D&D General Experience Matters - The benefits of XP


log in or register to remove this ad

It is really weird seeing experience both touted as 'free will' but also a tool for operant conditioning.
It doesn't really have anything to do with "free will" in my view. That was brought up by you in one post upthread, and someone else later as a way to describe what they see as a difference between milestone XP and standard XP.

It does have an effect on what decisions players make in my experience, but I don't see anything wrong with that. Lots of factors go into their decision making and this is just one. Do we fight the monster along our path for XP or go the long way to avoid it because we're low on resources? Do we pursue this quest worth a small amount of milestone XP or this other, more dangerous one that has a bigger payoff?
 

And that is where people start to apply it so broadly it loses all meaning to the point of some really ridiculous definitions that were recently thrown around in another thread. It's not a rail - it's a plot. It's railroading - which is by definition bad - when the players are seemingly offered a false choice to follow the plot or not follow the plot and their "choice" leads them always back to the plot. If instead I say, this adventure involves a specific plot, the game we're playing involves following said plot, you get XP or levels by staying on it (milestone XP or story-based advancement, respectively), and you agree, then there's no railroading going on where following the plot is concerned.
No. That term has been in common usage in a non-pejorative sense for years in gaming. You are entitled to your own opinion, but not your own facts.

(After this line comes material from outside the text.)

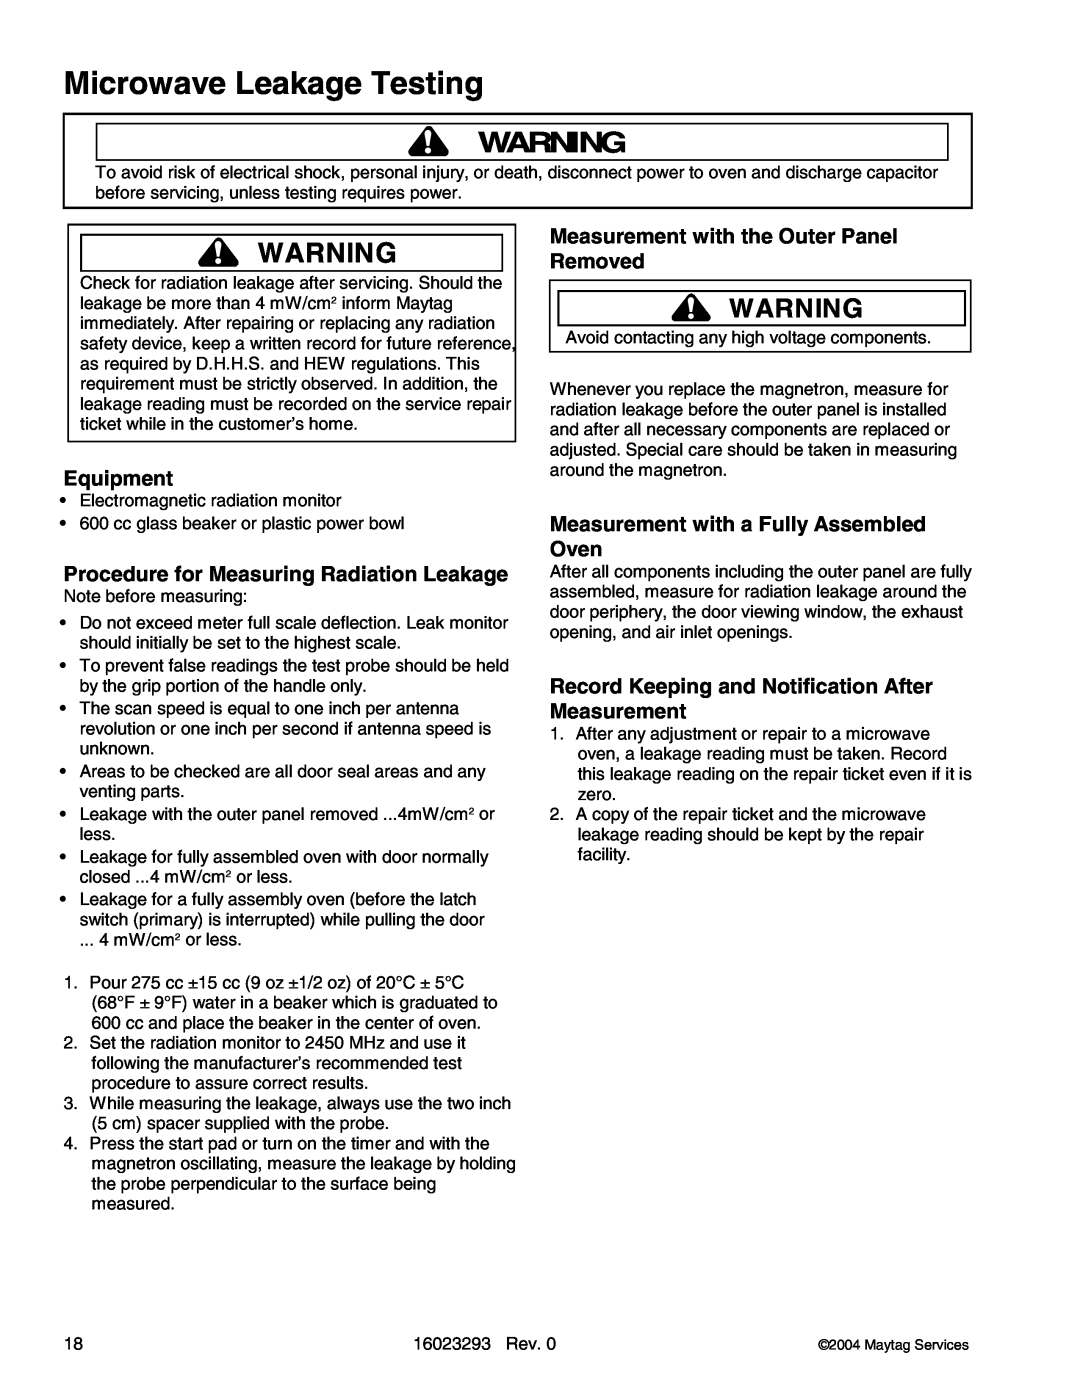 Maytag RCS10DA, RFS manual Microwave Leakage Testing, Equipment, Procedure for Measuring Radiation Leakage

You are conflating it with the idiom “to railroad,” or to frame or set up someone. They are not the same thing. When a game is on a rail it means that the plot is largely predetermined. It is derived from amusement park rail shooters, then FPS video games where the game largely controlled movement, then was used more broadly in games such as World of Warcraft for tightly scripted quest lines, and similarly in TTRPGs.
 
Last edited:

No. That term has been in common usage in a non-pejorative sense for years in gaming. You are entitled to your own opinion, but not your own facts.
Oh, I'm aware of its use. I just find it leads to all sorts of confusion. Look no further than these forums to see it in action. This very thread even. Definitions should serve to clarify in my view, not obfuscate.
 



You appear to reference that here, where you put XP and free will in opposition ("vs") in some sense.
That was talking about how players being able to get XP independently means it's not actually a controllable process. I should have said 'vis a vis', not 'vs'. I wasn't suggesting it was opposed to it. How a lot of people try to use it to 'train' players however...
 


How do players "get XP independently" when, per the rules, the DM is the one who decides how and when XP is earned?
By... doing things the DM didn't expect? I feel like we've already been over this. Not being snarky, we did, right?

Which people are those? What are they training them to do?
Look at all the talk of incentivizing and encouraging certain behaviors. That's operant conditioning. That's training.
 

By... doing things the DM didn't expect? I feel like we've already been over this. Not being snarky, we did, right?
I'm not sure I understand. Can you explain what you mean?

Look at all the talk of incentivizing and encouraging certain behaviors. That's operant conditioning. That's training.
I think rather it's just doing what the rules say to do when playing the game. It has the add-on effect of incentivizing players to do certain things, such as boldly confronting deadly perils in worlds of swords and sorcery, which in turn is (hopefully) fun and creates an exciting, memorable story. That is what the game is about. If the DM wants to deviate from that model and give out XP for other things, they can. Say the DM wants to encourage the players to have their characters sit around taverns posturing and opining on their secret 8-page backstories, they can do worse than give them XP when they do that. (Inspiration is also a fine choice.)

That said, while it incentivizes them to do certain things, there are often competing priorities. Resource limitations or concerns, personal characteristics, and many other things can come into play when deciding what to do. This is what in my experience makes the decision making process meaningful and engaging.